== Data excerpts ==

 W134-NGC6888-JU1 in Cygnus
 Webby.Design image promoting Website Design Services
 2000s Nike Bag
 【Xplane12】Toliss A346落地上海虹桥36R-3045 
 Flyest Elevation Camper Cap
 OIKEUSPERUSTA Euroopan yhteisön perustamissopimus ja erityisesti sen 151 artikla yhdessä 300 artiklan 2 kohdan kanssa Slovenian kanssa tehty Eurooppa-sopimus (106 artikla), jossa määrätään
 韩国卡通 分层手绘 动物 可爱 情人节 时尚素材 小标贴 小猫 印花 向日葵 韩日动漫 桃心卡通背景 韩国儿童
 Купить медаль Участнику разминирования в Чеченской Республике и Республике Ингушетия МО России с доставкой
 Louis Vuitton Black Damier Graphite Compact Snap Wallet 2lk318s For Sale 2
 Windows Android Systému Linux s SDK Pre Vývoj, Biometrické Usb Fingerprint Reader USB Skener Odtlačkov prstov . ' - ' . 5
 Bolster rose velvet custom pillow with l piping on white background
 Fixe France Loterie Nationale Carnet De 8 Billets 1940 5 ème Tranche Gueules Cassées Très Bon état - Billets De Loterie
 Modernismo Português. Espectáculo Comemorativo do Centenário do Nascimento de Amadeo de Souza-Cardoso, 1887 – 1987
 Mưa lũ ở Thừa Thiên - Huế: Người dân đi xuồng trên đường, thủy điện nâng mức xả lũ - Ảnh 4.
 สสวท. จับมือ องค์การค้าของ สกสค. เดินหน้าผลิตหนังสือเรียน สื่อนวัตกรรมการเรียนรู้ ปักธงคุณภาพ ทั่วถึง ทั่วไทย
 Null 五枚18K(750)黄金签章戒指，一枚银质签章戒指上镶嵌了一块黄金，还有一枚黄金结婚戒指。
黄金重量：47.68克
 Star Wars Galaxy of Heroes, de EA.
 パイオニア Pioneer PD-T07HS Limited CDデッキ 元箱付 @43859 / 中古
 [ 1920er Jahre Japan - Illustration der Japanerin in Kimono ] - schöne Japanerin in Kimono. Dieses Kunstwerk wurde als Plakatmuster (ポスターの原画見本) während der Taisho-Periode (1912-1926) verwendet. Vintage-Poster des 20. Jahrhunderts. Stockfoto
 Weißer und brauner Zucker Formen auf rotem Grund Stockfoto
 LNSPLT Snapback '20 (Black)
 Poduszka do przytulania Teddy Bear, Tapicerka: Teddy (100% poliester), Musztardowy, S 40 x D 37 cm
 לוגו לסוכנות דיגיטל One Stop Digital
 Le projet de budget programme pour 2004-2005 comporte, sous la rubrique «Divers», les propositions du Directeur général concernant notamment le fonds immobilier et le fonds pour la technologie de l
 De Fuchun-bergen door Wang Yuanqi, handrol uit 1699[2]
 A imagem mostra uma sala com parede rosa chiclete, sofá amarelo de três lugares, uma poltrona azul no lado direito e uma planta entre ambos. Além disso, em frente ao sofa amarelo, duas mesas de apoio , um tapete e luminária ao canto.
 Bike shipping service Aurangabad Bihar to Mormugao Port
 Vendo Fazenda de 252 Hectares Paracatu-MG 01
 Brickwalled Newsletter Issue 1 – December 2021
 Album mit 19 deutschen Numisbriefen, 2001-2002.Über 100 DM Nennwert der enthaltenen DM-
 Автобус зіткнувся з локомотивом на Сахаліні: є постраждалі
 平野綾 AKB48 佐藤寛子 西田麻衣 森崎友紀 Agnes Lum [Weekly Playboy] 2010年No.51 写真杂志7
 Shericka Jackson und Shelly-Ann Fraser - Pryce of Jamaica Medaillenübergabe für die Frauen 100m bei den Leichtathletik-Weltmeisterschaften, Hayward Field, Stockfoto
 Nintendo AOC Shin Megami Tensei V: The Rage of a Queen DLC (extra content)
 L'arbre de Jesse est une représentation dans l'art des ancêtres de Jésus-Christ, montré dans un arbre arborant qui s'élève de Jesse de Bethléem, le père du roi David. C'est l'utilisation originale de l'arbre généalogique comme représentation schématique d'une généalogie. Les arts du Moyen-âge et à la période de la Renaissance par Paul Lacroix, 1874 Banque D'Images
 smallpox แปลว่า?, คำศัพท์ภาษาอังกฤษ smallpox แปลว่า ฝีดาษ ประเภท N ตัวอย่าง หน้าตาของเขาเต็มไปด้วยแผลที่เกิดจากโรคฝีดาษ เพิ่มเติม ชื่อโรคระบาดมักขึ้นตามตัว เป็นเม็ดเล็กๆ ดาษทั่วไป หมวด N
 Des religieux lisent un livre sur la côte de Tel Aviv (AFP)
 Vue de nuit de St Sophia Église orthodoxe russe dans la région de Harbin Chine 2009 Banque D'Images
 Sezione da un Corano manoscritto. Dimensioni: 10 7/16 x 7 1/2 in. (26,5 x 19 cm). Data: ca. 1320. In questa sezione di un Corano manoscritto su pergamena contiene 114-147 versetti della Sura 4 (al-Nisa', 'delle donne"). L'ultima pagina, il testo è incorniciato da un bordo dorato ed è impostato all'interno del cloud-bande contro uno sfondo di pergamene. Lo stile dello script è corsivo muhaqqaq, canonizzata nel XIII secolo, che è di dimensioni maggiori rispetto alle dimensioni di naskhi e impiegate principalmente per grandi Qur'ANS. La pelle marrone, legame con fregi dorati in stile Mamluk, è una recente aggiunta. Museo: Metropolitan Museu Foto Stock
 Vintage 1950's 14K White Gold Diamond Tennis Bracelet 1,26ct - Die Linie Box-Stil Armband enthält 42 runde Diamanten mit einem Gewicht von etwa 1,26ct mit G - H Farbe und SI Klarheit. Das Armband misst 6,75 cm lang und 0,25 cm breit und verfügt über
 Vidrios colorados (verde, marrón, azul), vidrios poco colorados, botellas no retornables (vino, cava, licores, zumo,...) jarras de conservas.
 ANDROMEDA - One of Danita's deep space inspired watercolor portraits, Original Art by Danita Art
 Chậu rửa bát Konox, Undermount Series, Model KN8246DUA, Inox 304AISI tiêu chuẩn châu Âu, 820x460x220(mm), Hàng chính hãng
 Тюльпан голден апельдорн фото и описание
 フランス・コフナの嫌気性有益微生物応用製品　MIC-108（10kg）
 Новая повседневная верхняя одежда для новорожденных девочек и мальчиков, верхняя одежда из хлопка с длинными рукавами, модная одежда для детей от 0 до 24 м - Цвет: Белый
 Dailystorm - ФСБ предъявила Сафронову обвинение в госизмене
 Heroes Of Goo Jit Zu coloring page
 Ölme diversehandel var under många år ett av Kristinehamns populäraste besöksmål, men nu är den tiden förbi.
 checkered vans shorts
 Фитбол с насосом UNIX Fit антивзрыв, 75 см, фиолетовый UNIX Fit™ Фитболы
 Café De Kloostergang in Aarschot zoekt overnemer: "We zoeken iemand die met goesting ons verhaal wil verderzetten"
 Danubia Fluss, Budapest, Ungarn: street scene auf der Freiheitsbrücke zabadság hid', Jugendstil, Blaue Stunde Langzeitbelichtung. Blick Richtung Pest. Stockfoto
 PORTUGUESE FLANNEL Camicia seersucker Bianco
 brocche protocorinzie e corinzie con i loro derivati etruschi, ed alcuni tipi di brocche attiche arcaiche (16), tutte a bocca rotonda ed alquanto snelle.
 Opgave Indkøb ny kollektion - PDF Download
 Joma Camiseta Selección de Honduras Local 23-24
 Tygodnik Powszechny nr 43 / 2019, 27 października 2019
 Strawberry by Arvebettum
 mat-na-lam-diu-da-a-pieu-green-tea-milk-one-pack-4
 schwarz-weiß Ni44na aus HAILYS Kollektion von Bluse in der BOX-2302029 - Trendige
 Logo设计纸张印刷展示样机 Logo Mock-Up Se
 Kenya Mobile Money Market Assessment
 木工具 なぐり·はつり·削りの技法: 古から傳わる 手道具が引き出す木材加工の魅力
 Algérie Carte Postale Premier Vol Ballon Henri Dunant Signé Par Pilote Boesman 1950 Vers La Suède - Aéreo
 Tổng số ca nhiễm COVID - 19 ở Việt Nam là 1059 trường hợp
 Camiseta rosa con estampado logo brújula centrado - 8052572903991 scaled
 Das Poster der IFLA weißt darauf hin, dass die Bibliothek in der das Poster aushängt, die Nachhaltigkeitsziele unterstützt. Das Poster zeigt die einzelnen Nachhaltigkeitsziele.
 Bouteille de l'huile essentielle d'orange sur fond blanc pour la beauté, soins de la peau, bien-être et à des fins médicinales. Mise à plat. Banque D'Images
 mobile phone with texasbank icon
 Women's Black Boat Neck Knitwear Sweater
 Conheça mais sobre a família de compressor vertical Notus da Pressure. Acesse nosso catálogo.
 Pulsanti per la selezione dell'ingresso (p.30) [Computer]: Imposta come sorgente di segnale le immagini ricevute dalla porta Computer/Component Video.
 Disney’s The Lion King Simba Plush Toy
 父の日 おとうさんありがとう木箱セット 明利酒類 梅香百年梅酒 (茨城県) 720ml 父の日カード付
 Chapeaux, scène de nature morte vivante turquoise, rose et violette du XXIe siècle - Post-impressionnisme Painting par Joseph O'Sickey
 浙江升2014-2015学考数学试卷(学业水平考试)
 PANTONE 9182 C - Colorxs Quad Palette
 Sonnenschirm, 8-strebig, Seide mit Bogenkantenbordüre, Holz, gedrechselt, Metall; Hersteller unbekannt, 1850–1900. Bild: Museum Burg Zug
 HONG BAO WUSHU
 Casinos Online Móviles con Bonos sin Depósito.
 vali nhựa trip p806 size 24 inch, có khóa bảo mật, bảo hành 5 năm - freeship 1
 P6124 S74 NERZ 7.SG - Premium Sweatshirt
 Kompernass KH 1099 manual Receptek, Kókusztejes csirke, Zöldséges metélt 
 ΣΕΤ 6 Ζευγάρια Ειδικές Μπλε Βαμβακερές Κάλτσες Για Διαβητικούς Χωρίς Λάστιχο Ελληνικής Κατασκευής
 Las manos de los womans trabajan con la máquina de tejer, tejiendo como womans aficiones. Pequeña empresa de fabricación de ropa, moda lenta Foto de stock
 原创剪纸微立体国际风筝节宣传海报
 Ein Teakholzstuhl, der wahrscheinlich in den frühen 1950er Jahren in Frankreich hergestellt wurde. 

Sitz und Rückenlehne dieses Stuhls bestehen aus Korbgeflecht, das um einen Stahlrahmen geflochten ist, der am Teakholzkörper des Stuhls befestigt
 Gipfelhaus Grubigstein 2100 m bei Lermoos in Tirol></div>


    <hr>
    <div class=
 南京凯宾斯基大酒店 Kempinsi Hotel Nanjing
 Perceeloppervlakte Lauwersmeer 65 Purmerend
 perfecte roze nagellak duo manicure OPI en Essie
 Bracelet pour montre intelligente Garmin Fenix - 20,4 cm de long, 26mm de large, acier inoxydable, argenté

===

### Goal of the exercise
Transcribe the lines above between the line holding "Chapeaux, scène de" and the line holding "PANTONE 9182 C - Colorxs Quad Palette", inclusive, exactly as they stand and with nothing added.

### Output of the task
 Chapeaux, scène de nature morte vivante turquoise, rose et violette du XXIe siècle - Post-impressionnisme Painting par Joseph O'Sickey
 浙江升2014-2015学考数学试卷(学业水平考试)
 PANTONE 9182 C - Colorxs Quad Palette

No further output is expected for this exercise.